The Israeli government’s response to the toppling of Assad’s regime has been a massive unleashing of military violence to destroy as much as possible of Syria’s military capacity. Israel has also occupied the demilitarized buffer zone between Israeli and Syrian positions established by the 1974 armistice agreement between the two countries. Other governments are opening channels of communication with the new rulers in Damascus, but the Israeli government assumes that Hayat Tahrir al-Sham and its partners will use military force against Israel if they have the means or let them fall into the hands of others who will, such as Hezbollah. We don’t have the luxury of others to get to know these people, an Israeli spokesperson tells Channel 4 news, so first we bomb them. He might as well add: we only understand force.

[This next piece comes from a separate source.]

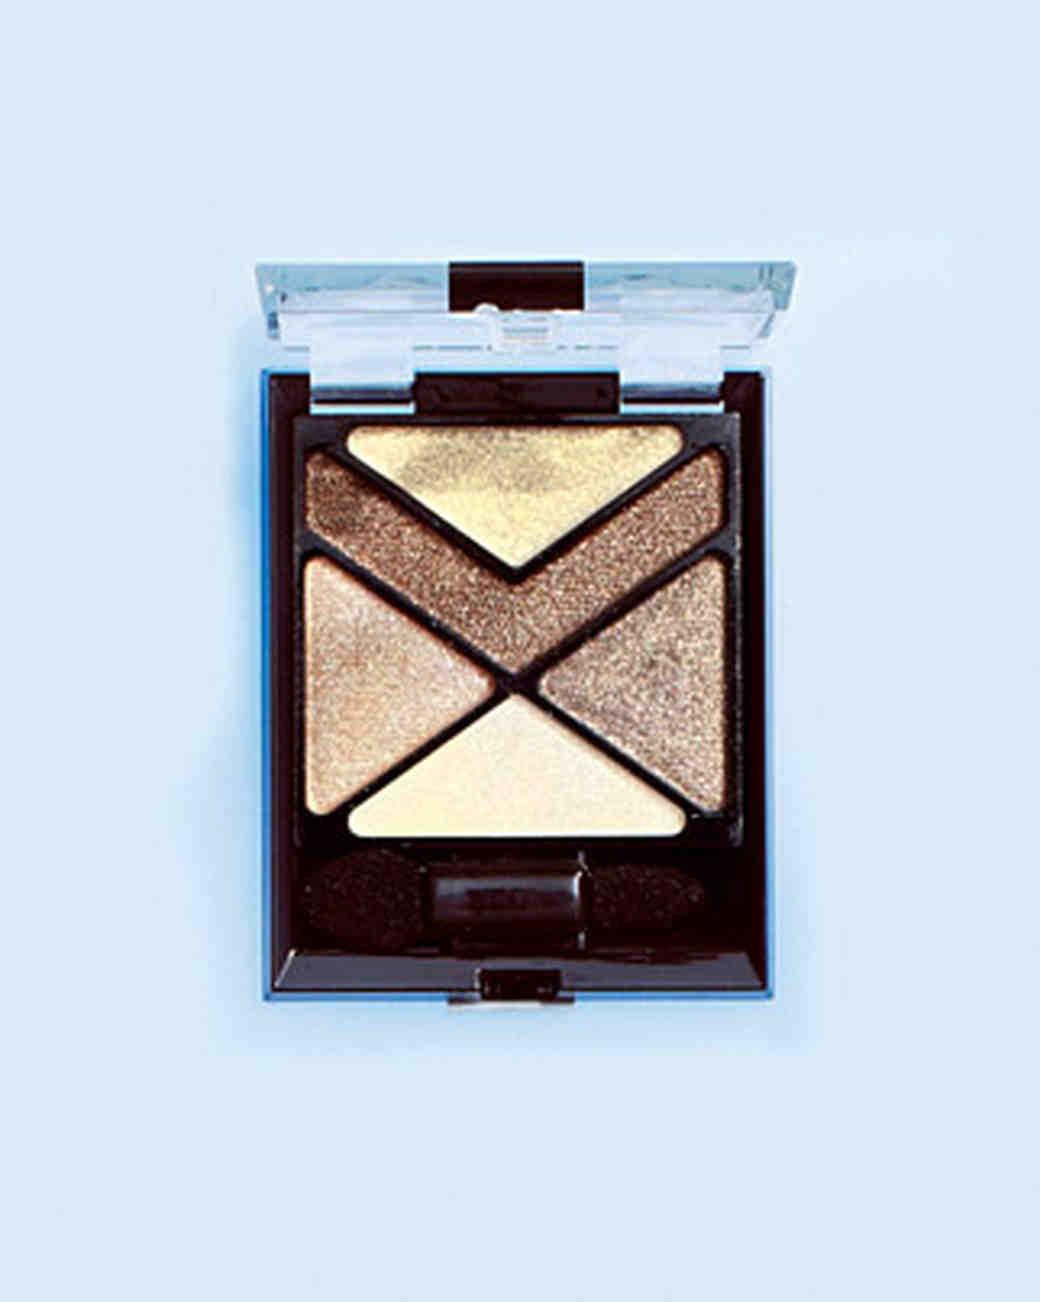 eyeshadow-in-caffeine-cosmetic-mwd107916.jpg

There is no guarantee of if or when force will cease to work as the compact between occupier and occupied. So far in this phase of violence since October 7th 2023, only a few Israelis such as Soul Behar have refused to put on their uniforms. Most are too afraid that what they have done to others will be done to them, a fear which has also been brought from other places where terrible things were done to their ancestors. Palestinians under Occupation have already shown that they are no longer afraid of the force wielded by the occupiers, notably at the start of the First Intifada when most of the resistance to Occupation was non-violent or unarmed. But what if more Israelis begin to see themselves as Palestinians see them, as inflicting force as violent, merciless and devastating as the Assads’ assaults on their own people? And what if more Palestinians who have survived the violence and are subject to Occupation can see that competing with Israeli violence is not a winning strategy? Assad’s regime has fallen because of the limits of force in politics. The Occupation will end for the same reason.